Yes, low_mega_apply still needs to be refactored. It is slightly more
"complicated" because of APPLY_STACK, where the return value will
overwrite the function on the stack. I want to fix the last crash in the
testsuite before refactoring that. If you are interested in working on
those, just let me know so we don't both do it ;)
Adding more perf support would be great, do you have your code in a
branch somewhere? I would be interested to have a look at it.
Arne
On 02/20/17 23:47, Martin Karlgren wrote:
Hi Arne,
That’s awesome!
I’d love to help (with the limited spare time I have.) I guess low_mega_apply should be refactored to make use of the new API too?
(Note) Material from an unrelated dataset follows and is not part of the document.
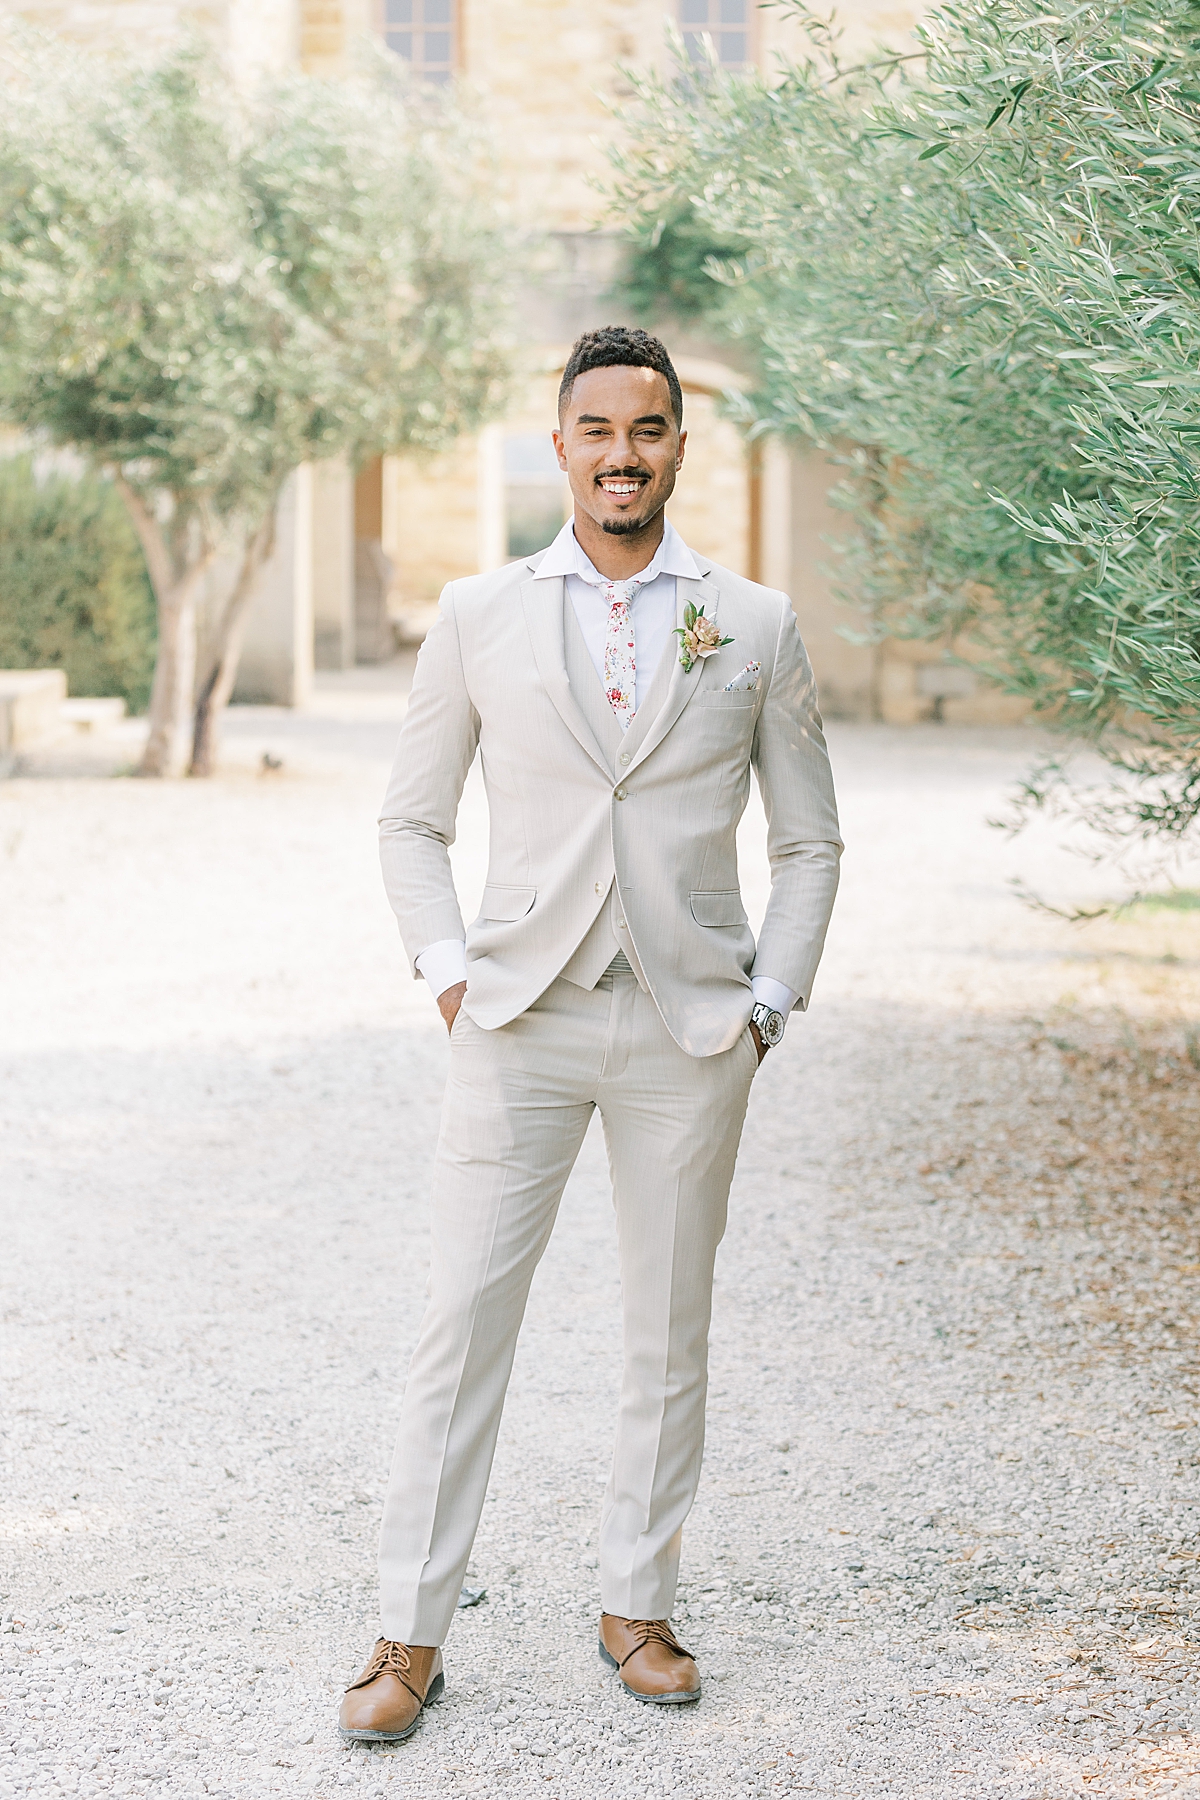 The groom smiling for a portrait at this Sunstone Villa Wedding editorial.

Speaking of faster calls, I’ve incidentally been poking around a bit with machine code function calling conventions lately. For profiling purposes (i.e. Linux perf) I’ve added minimal call frame information to Pike functions in the amd64 machine code generator. I’ve gotten to the point where I can start Roxen and get proper stack traces from perf, but the testsuite still fails – it seems related to decoding of dumped bytecode, and I haven’t been able to sort out why.
Anyways, the good thing is that readymade visualisation tools built on perf output can be used to profile Pike code, and the interaction between Pike code and C functions is more apparent.
Examples from a very simple Roxen site being hit by apachebench:
http://marty.se/dotgraph.png <http://marty.se/dotgraph.png> (nodes with a “perf-17628.map” header represent Pike functions)
http://marty.se/flamegraph.svg <http://marty.se/flamegraph.svg> (time on horisontal axis, stack depth on vertical axis).
Hopefully this can be used to weed out where we should start looking for optimisation candidates eventually.
/Marty